We have also conducted an electrophysiological study (Hunter, 2020) with young adult participants with normal hearing, in which we showed that the effect of sentence predictability on cognition could be observed during speech perception in the power of alpha-band (8-13 Hz) neural oscillations and in the P300 or late positive event-related potential (ERP) (see Figure 3, below). Consistent with our behavioral studies, these EEG and ERP findings indicated that listening effort was reduced when sentences were predictable.

Graph showing ERSP across a trial. X-axis, Time (-2.5 to 1.5 seconds); y-axis, Frequency (3 to 55 Hz). Separate plot for each condition (predictable v. unpredictable sentence and high v. low memory load).Plots show ERD beginning at digit onset and continuing past spoken sentence offset.

Figure 3a. Mean ERSP response across a trial for each level of predictability and memory load. Sentence onset is at 0 ms. Arrows mark the approximate onset of visual digits at ~2 sec before sentence onset. Digits remained on the screen for 1 sec.

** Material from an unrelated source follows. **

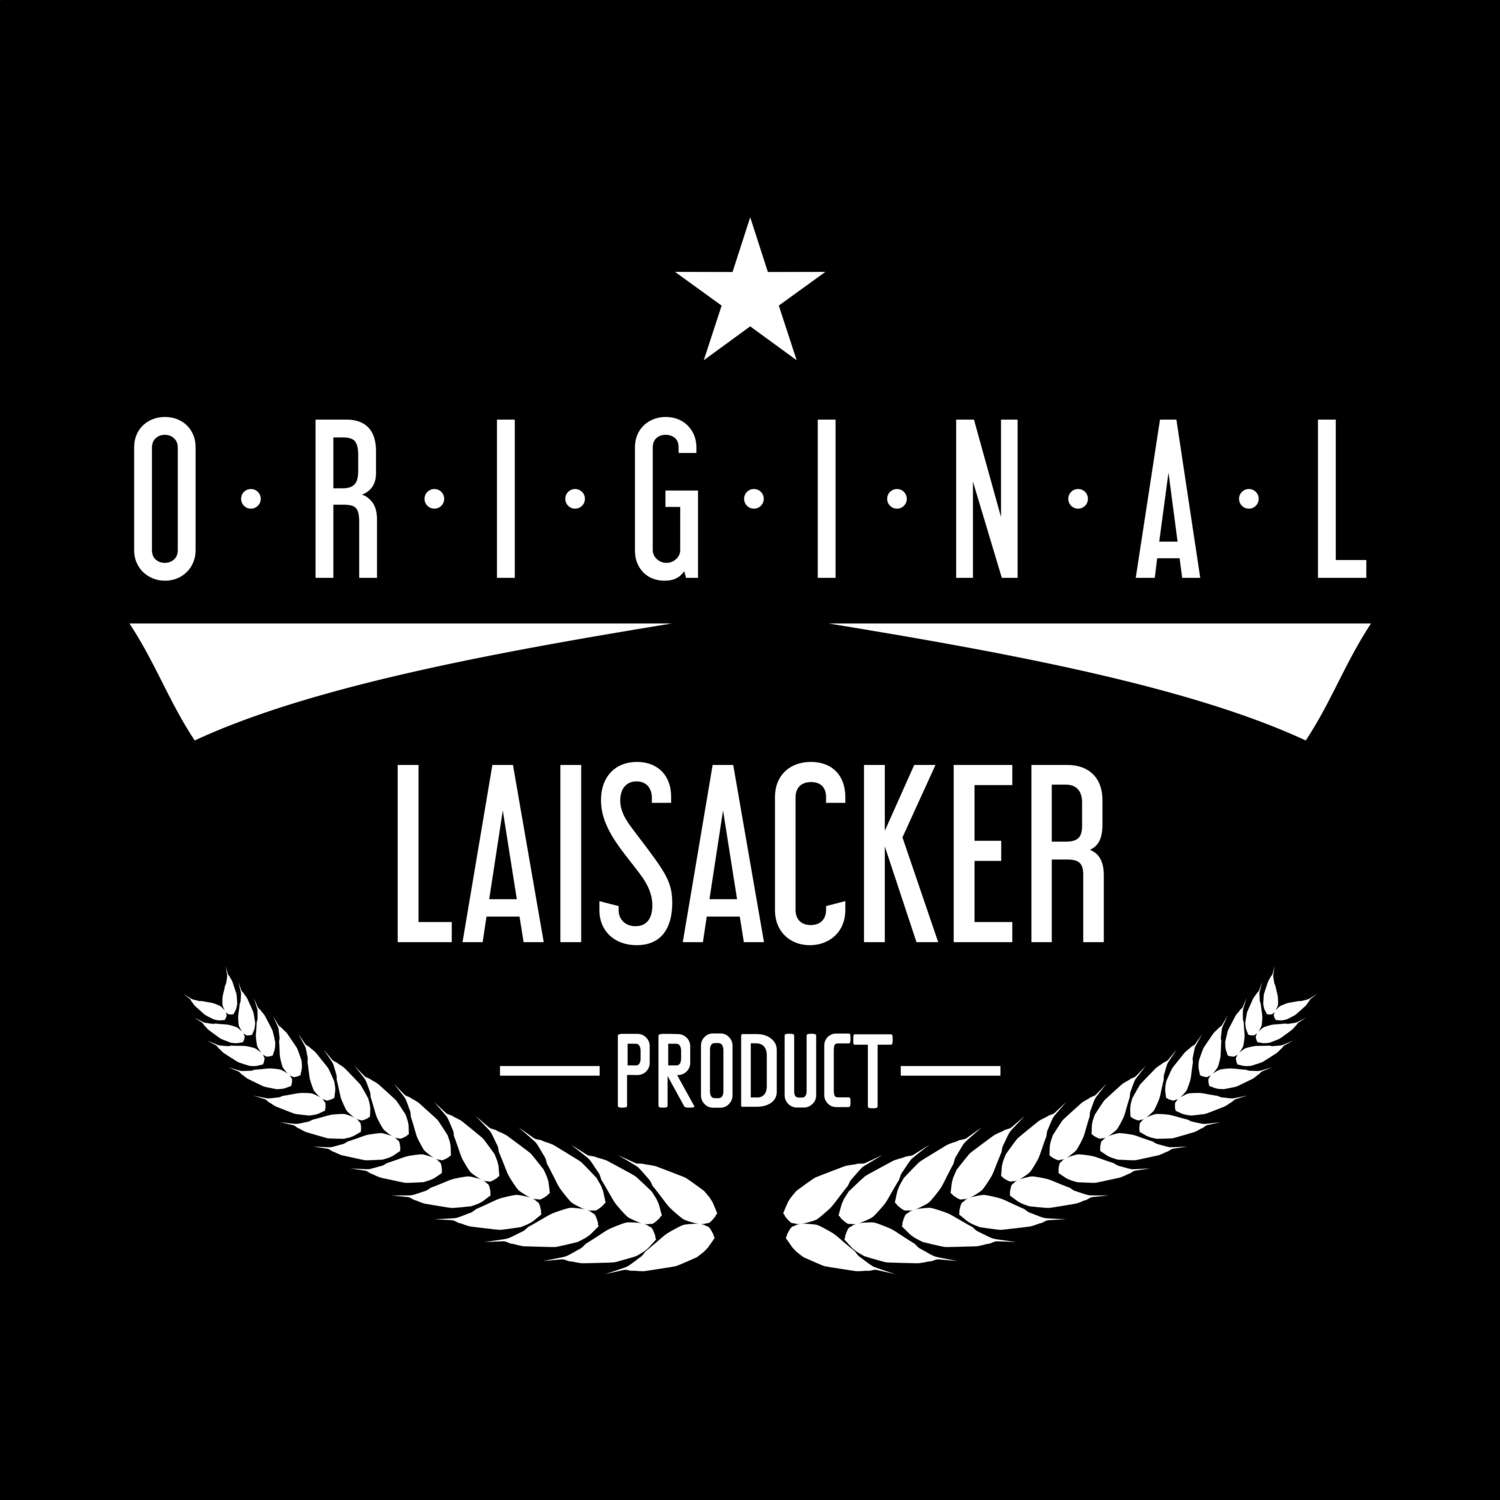 Laisacker T-Shirt »Original Product«

Graph of mean ERSP across conditions. X-axis (categorical), sentence predictability; Y-axis, ERSP in alpha band (8-13 Hz). Separate bars for high and low memory load conditions. Graph shows more negative ERSP for unpredictable than predictable sentences, and more negative ERSP for high than low memory load.

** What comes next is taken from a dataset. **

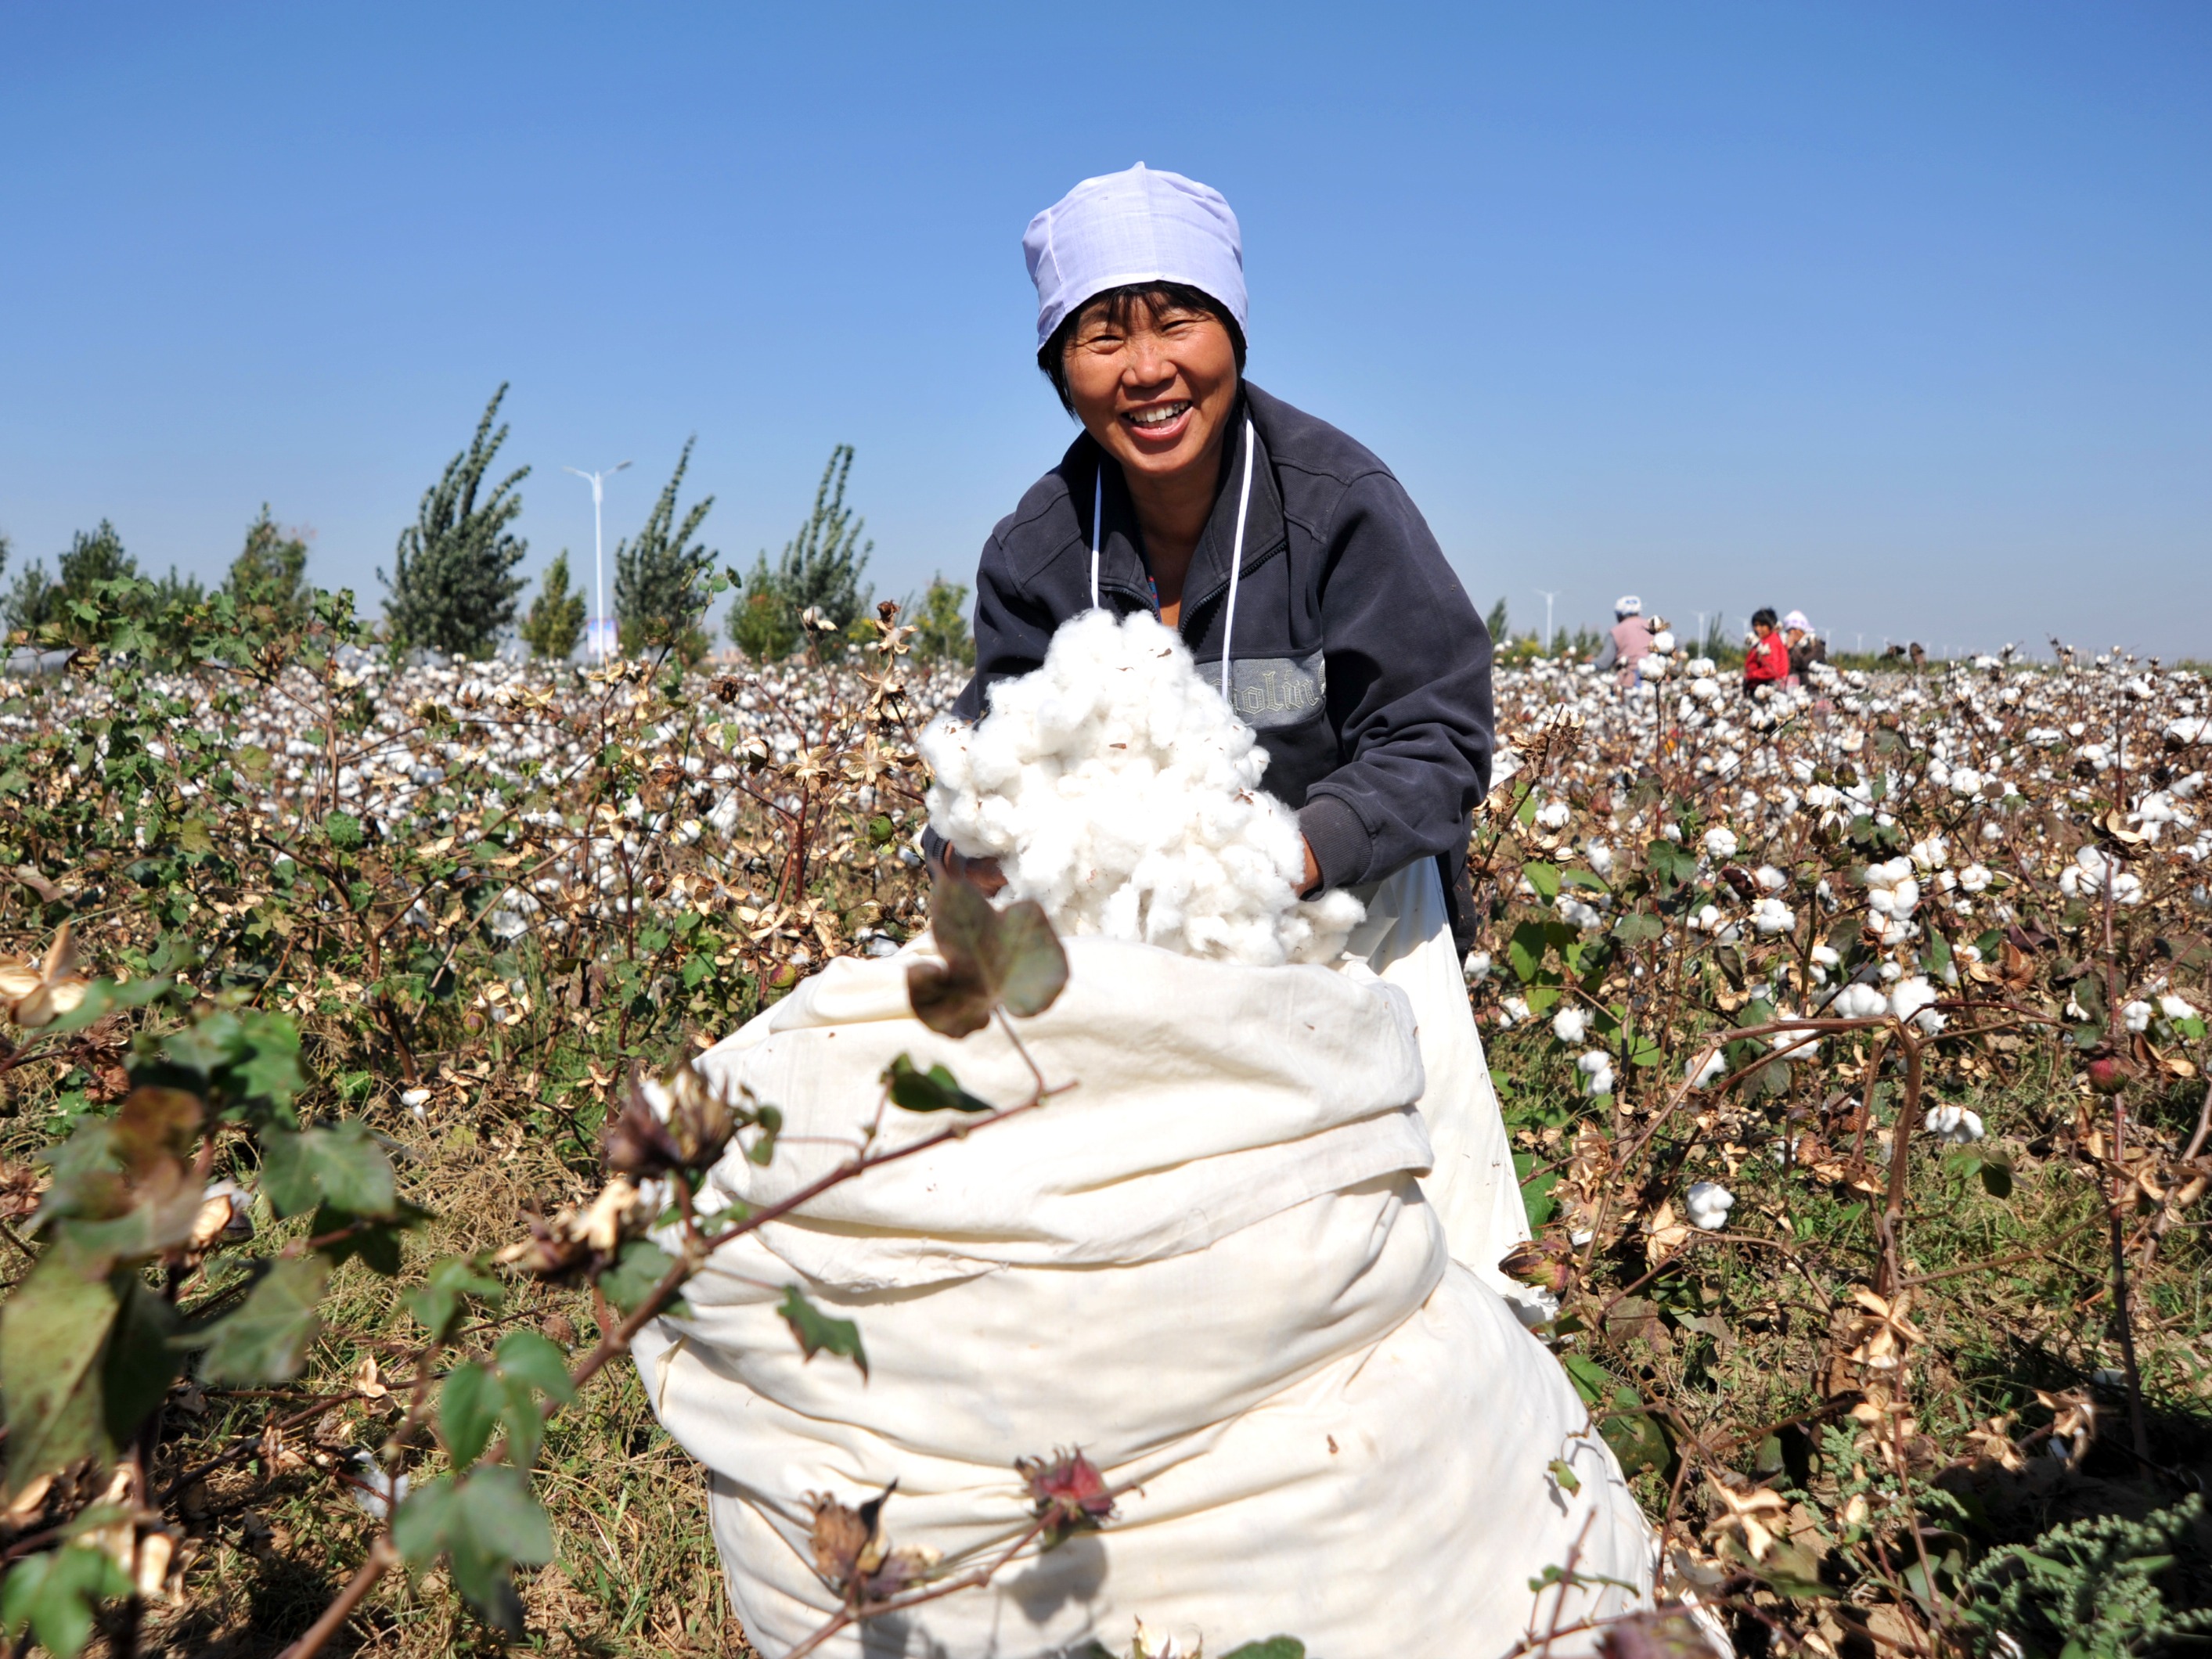 Cotton Production in Thousand Metric Tonnes:  6,532

Figure 3b. Mean alpha ERSP during spoken sentences (0-2 sec following sentence onset). Shown is mean ERSP in the alpha band collapsed across participant, region, and electrode. Error bars show +/- 1 SE. Pred, predictable; Unpred, unpredictable.

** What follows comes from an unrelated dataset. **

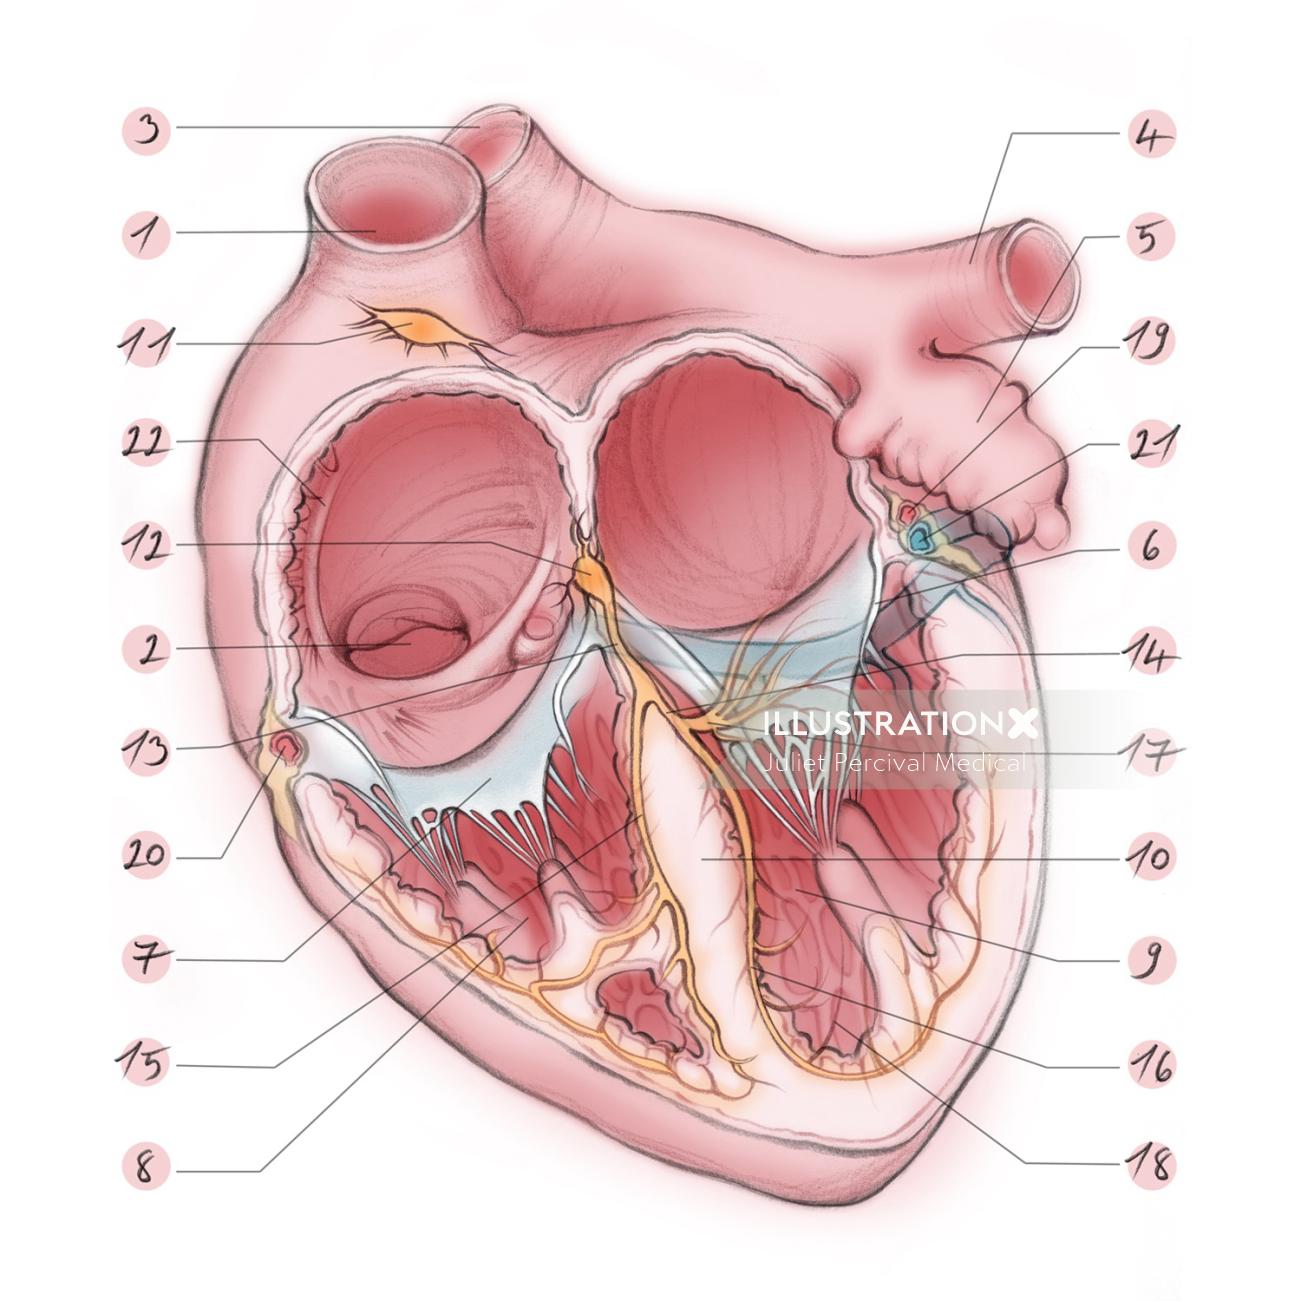 cœur, oreillettes, ventricule, aorte, appendice, valve mitrale, valve tricuspide, anatomie

A subsequent behavioral study (Hunter and Humes, under review) extended the finding of reduced listening effort for predictable sentences to the population of older adults hearing loss and normal hearing. This was observed for healthy older adults with both low and high working memory capacity (see Figure 4, below), indicating that older adults across a wide range of working memory capacities obtain a short-term boost in available cognitive capacity when sentences are predictable.

Overall, these results suggest that predictive context may be useful as a tool for reducing listening effort.

Word Accuracy Data. X-axis (categorical) shows high and low cognitive load; y-axis, Word Percent Correct; separate lines for predictable and unpredictable sentences, and for participants with high and low working memory capacity; separate graphs for participants with normal hearing and hearing loss.

Figure 4a. Mean word identification accuracy as a function of sentence predictiveness and memory (digit) load. WM; participants' working memory capacity (high or low). Error bars indicate +/- 1 SE.

Digit Accuracy Data. X-axis (categorical) shows high and low cognitive load; y-axis, Digit Percent Corret; separate lines for predictable and unpredictable sentences, and for participants with high and low working memory capacity; separate graphs for participants with normal hearing and hearing loss.

Figure 4a. Mean digit recall accuracy as a function of sentence predictiveness and memory (digit) load. WM; participants' working memory capacity (high or low). Error bars indicate +/- 1 SE.

Word Response Time Data. X-axis (categorical) shows high and low cognitive load; y-axis, Word response time (seconds); separate lines for predictable and unpredictable sentences, and for participants with high and low working memory capacity; separate graphs for participants with normal hearing and hearing loss.

Figure 4c. Mean word identification response time as a function of sentence predictiveness and memory (digit) load. WM; participants' working memory capacity (high or low). Error bars indicate +/- 1 SE.

Digit Recall Response Time Data. X-axis (categorical) shows high and low cognitive load; y-axis, Digit Response Time (seconds); separate lines for predictable and unpredictable sentences, and for participants with high and low working memory capacity; separate graphs for participants with normal hearing and hearing loss.

Figure 4d. Mean digit recall response time (RT) as a function of sentence predictiveness and memory (digit) load. WM; participants' working memory capacity (high or low). Error bars indicate +/- 1 SE.